Monday, April 22, 2019

SCREAMS OF A WINTER NIGHT (1979) . . .in the Wayback Machine

You could've knocked me over with a feather when I found out about Code Red's blu ray release of SCREAMS OF A WINTER NIGHT. 
Here's a movie I never expected to see an actual legitimate release; up until now all that was available was an atrociously faded and scratched print on youtuber.  And here we have it, not only in a semi-gorgeous uncut print but with a previously-excised entire sequence restored; this is a horror anthology film with several individual stories enclosed with a lengthy wraparound. 
This is no long-lost gem but it's not terrible either - I've seen both descriptions of the film.  It is, in fact, an OK horror anthology that looks pretty good in this print.  It is professionally shot and features sometimes good performances.  And it came out only a year after John Carpenter's HALLOWEEN and before FRIDAY THE 13TH and the string of other 80's "cabin in the woods" horror films to follow.  10 college kids (5 couples) head up to a deserted old cabin in the woods that is supposed to be haunted and where an entire family disappeared.  While there, they scare each other by telling "urban legend" scary stories.  An interesting choice is to have the same actors play the characters in the stories they're telling; a device that was present in the original script but I'm sure was also there to save on rustling up a bunch of other actors.  Still, it's the only time I've seen this done and it's a really interesting device. 
The famous "The Hook" urban legend is mentioned but not re-enacted; however others including the dead boyfriend swinging back and forth across the car roof and the fraternity initiates spending a night inside a haunted abandoned hotel are represented.  The actual scary stories, as they play out, may be just a little on the underwhelming side but they are acted and shot professionally.  Oh yeah, and there's even a recognizable actor in it:  William Ragsdale [FRIGHT NIGHT], looking about 16 years old, has a scene as a backwoods gas station attendant!  All in all, the movie holds up a little better than I expected and holds a special little place in my heart.

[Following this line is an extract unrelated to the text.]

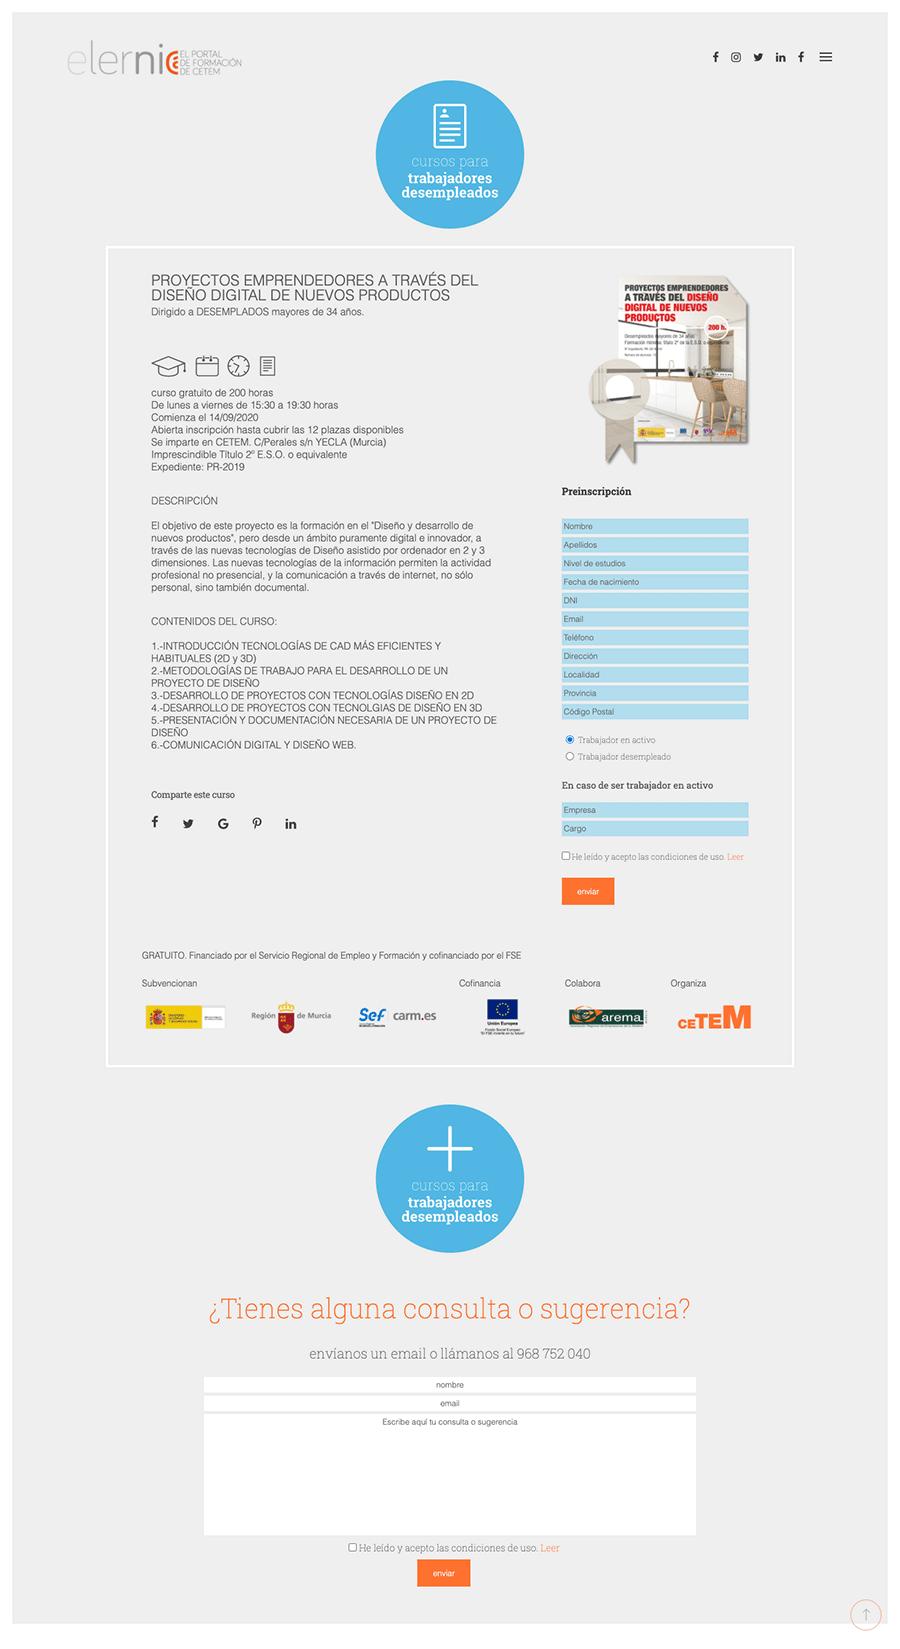 Página curso para desempleados web elernia

So let me explain a little about my relationship with SCREAMS OF A WINTER NIGHT.  I had seen this movie before.  A long long time ago in about 1981.  As a kid only a little younger that William Ragsdale in the movie, I was in the initial world-expanding year of cable TV. 
Our family was in the first year of having cable which totally changed my world.  Those of you too young cannot possibly imagine what a huge innovation cable TV (and video tape, of course) had on those of us who grew up without them.  Up until then, we were at the mercy of TV programmers on three network channels and about 3 UHF channels; if they didn't broadcast a movie, it was gone.  And they were NEVER uncut and uncensored.  That's where the pay cable channels like HBO came in.  At this time in 1981, HBO wasn't 24 hour; it only came on the air around 3 in the afternoon until about midnight or so.  I remember turning on HBO and seeing the text scroll on a blue background telling what the 3 or 4 movies would be showing on HBO that day.  Can you believe it?!?!?  

Anyway, it was not HBO I have to thank for showing me SCREAMS OF A WINTER NIGHT; it was PRISM.  Who remembers PRISM???  A sorta lower-rent HBO-like local pay channel which showed movies as well as (if I recall correctly) Philadelphia Phillies and Flyers games.  Well this cable TV thing was new and novel and I pretty much watched anything that was on it over and over.  And PRISM played SCREAMS OF A WINTER NIGHT.  This was before I even had a VCR so I actually put my little Radio Shack tape recorder up to the TV speaker and recorded the cool theme music from the movie's end credits. 
Years later, I came across the tape but had no idea where I got that cool music; I had forgotten the name of this dimly-remembered film.  For decades I was trying to find the name of the film I had seen on PRISM all those years before.  It was probably only in the last ten years or so that I discovered it was SCREAMS OF A WINTER NIGHT . . . but it was unavailable.  Except when I discovered later that atrociously damaged print available on youtubers.  So, while SCREAMS OF A WINTER NIGHT is no long-lost gem of a horror movie -- to me it's a nostalgic little gem which is actually not too bad of a watch.  It's competently made and has a late-70's do-it-yourself charm to it of which I'm rather fond.